Bennett, currently serving his second term on the Danvers Board of Selectman, will attempt to unseat Representative Ted Speliotis, a Democrat. Speliotis, also of Danvers, has represented the district since 1997 in his second stint on Beacon Hill after serving from 1979 to 1986.
"Really my supporters came out in force, I had a good showing," Bennett said in a phone interview on Friday.
Bennett lost the 2010 election to Speliotis by less than 500 votes, but when most legislative candidates began campaigning last year, he said he simply had too much on his plate to make another run. At the time, he was serving as chairman of the Board of Selectmen and had recently been elected lieutenant governor of the New England District of Kiwanis, overseeing 10 clubs and more than 360 members.
"I didn't have the time to put the effort in," Bennett said.
In the last three weeks, Bennett said Republican Tea-Party activists began approaching him asking why he was not running, and expressed interest in starting a write-in campaign. Diane Langlais, a member of the Finance Committee in Danvers, jumped on board as Bennett's campaign manager two weeks ago.
Bennett needed 150 votes throughout the district - which is made up of Danvers, as well as precincts in West Peabody and Middleton - to get on the primary ballot.
He acknowledged the difficulty of a write-in campaign, including how procedural mistakes on the part of voters can derail it, but said he was confident he would get the votes needed. He received 217 in Danvers alone.
To Speliotis, who received 2,164 votes unopposed in the Democratic primary, it came as a bit of a surprise.
"I've been in government a long time, and have never seen anyone do this before really, I mean not in my area," Speliotis said. "It's not unheard of, but it's very unusual."

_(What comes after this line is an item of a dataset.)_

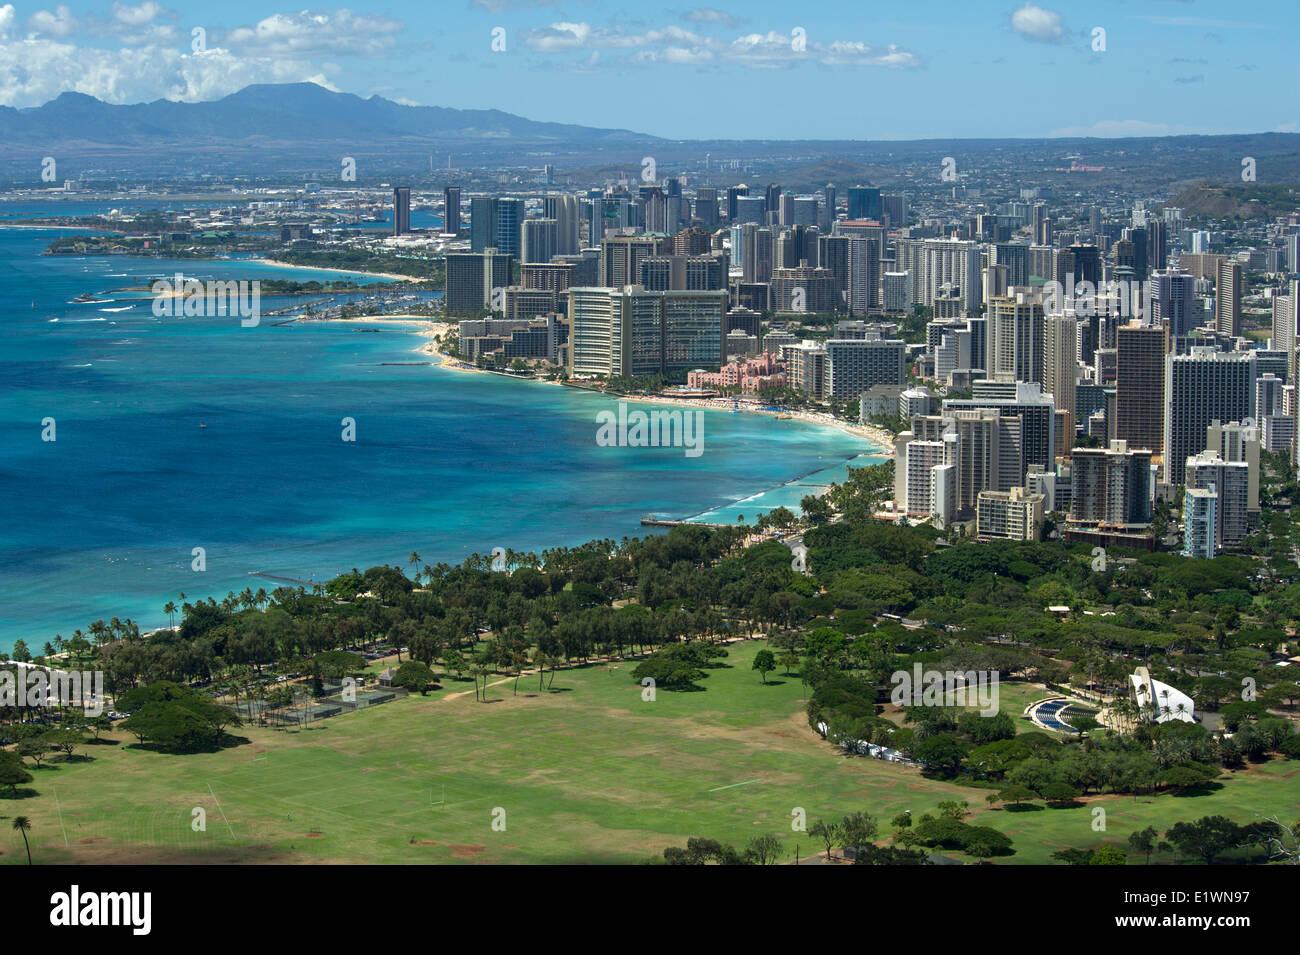 View of Waikiki tourist area of Honolulu from Diamond Head mountain - Stock Image

Speliotis attributes his near-loss in the bid for re-election two years ago to a unique situation in which Bay State voters were dissatisfied with Democrats overall - a sentiment Speliotis says is not as strong now.
Even though Bennett came closer than anyone in the last 15 years to ousting him, Speliotis sees an opponent of any kind as a "mixed blessing."
"It gives me a greater opportunity to promote my record," Speliotis said. "It's great to be unopposed, but sometimes it's frustrating when you've had good things happen not to be able to let people know that well. In [two-person] campaigns people really pay attention...it's a great opportunity to tell the folks what you've been doing the last two years and have them focus in a little bit more."
According to Bennett, his next step before officially getting on the November ballot is to file an ethics and financial statement through the Office of Political Campaign Finance and report to the Secretary of State with certification by September 19.
"I'm going forward with that, there's no doubt about it," Bennett said. "I just need to execute."